● **Data to examine**:
-.-.-

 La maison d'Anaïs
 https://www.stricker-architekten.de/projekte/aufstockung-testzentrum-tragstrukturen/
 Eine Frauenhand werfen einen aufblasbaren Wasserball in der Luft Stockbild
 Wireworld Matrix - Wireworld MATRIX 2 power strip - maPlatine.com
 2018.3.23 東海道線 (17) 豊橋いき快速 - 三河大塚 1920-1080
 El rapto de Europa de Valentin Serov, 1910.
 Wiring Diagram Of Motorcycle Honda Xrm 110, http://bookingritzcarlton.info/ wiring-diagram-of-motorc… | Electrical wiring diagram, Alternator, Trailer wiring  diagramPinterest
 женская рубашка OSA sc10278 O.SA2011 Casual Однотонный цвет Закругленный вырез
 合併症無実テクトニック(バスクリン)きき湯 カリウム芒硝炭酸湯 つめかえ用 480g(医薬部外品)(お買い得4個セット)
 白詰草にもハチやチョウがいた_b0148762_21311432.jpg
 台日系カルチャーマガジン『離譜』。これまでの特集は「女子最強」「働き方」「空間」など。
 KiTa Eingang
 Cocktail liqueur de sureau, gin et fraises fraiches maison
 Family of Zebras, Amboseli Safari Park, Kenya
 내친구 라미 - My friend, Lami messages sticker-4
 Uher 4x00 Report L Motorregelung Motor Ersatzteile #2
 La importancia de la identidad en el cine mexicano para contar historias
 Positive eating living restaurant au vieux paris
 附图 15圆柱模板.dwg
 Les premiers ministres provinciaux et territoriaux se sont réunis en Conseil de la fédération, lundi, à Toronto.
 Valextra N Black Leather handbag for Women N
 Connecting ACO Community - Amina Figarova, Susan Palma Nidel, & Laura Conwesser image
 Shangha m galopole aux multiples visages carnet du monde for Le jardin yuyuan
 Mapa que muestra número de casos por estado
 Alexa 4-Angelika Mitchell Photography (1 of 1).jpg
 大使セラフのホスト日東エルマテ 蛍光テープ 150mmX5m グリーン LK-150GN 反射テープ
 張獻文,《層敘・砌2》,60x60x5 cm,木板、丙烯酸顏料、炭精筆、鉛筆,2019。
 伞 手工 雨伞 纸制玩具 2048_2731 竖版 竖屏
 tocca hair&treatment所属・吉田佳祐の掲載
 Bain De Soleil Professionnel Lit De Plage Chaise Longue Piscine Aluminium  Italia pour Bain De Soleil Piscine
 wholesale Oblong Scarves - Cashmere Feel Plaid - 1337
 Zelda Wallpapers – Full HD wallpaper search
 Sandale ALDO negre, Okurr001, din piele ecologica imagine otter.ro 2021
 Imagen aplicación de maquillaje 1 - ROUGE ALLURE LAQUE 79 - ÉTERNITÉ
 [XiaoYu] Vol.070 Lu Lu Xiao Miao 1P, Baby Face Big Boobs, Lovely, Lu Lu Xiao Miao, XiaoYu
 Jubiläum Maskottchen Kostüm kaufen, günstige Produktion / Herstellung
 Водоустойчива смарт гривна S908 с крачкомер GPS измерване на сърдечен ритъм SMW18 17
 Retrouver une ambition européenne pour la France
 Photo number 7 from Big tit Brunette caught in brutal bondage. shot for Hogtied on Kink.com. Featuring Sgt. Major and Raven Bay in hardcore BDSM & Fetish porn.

-.-.-

● **Task item**: Everything in the data above must be reproduced exactly.

● **Answer to this problem**:
 La maison d'Anaïs
 https://www.stricker-architekten.de/projekte/aufstockung-testzentrum-tragstrukturen/
 Eine Frauenhand werfen einen aufblasbaren Wasserball in der Luft Stockbild
 Wireworld Matrix - Wireworld MATRIX 2 power strip - maPlatine.com
 2018.3.23 東海道線 (17) 豊橋いき快速 - 三河大塚 1920-1080
 El rapto de Europa de Valentin Serov, 1910.
 Wiring Diagram Of Motorcycle Honda Xrm 110, http://bookingritzcarlton.info/ wiring-diagram-of-motorc… | Electrical wiring diagram, Alternator, Trailer wiring  diagramPinterest
 женская рубашка OSA sc10278 O.SA2011 Casual Однотонный цвет Закругленный вырез
 合併症無実テクトニック(バスクリン)きき湯 カリウム芒硝炭酸湯 つめかえ用 480g(医薬部外品)(お買い得4個セット)
 白詰草にもハチやチョウがいた_b0148762_21311432.jpg
 台日系カルチャーマガジン『離譜』。これまでの特集は「女子最強」「働き方」「空間」など。
 KiTa Eingang
 Cocktail liqueur de sureau, gin et fraises fraiches maison
 Family of Zebras, Amboseli Safari Park, Kenya
 내친구 라미 - My friend, Lami messages sticker-4
 Uher 4x00 Report L Motorregelung Motor Ersatzteile #2
 La importancia de la identidad en el cine mexicano para contar historias
 Positive eating living restaurant au vieux paris
 附图 15圆柱模板.dwg
 Les premiers ministres provinciaux et territoriaux se sont réunis en Conseil de la fédération, lundi, à Toronto.
 Valextra N Black Leather handbag for Women N
 Connecting ACO Community - Amina Figarova, Susan Palma Nidel, & Laura Conwesser image
 Shangha m galopole aux multiples visages carnet du monde for Le jardin yuyuan
 Mapa que muestra número de casos por estado
 Alexa 4-Angelika Mitchell Photography (1 of 1).jpg
 大使セラフのホスト日東エルマテ 蛍光テープ 150mmX5m グリーン LK-150GN 反射テープ
 張獻文,《層敘・砌2》,60x60x5 cm,木板、丙烯酸顏料、炭精筆、鉛筆,2019。
 伞 手工 雨伞 纸制玩具 2048_2731 竖版 竖屏
 tocca hair&treatment所属・吉田佳祐の掲載
 Bain De Soleil Professionnel Lit De Plage Chaise Longue Piscine Aluminium  Italia pour Bain De Soleil Piscine
 wholesale Oblong Scarves - Cashmere Feel Plaid - 1337
 Zelda Wallpapers – Full HD wallpaper search
 Sandale ALDO negre, Okurr001, din piele ecologica imagine otter.ro 2021
 Imagen aplicación de maquillaje 1 - ROUGE ALLURE LAQUE 79 - ÉTERNITÉ
 [XiaoYu] Vol.070 Lu Lu Xiao Miao 1P, Baby Face Big Boobs, Lovely, Lu Lu Xiao Miao, XiaoYu
 Jubiläum Maskottchen Kostüm kaufen, günstige Produktion / Herstellung
 Водоустойчива смарт гривна S908 с крачкомер GPS измерване на сърдечен ритъм SMW18 17
 Retrouver une ambition européenne pour la France
 Photo number 7 from Big tit Brunette caught in brutal bondage. shot for Hogtied on Kink.com. Featuring Sgt. Major and Raven Bay in hardcore BDSM & Fetish porn.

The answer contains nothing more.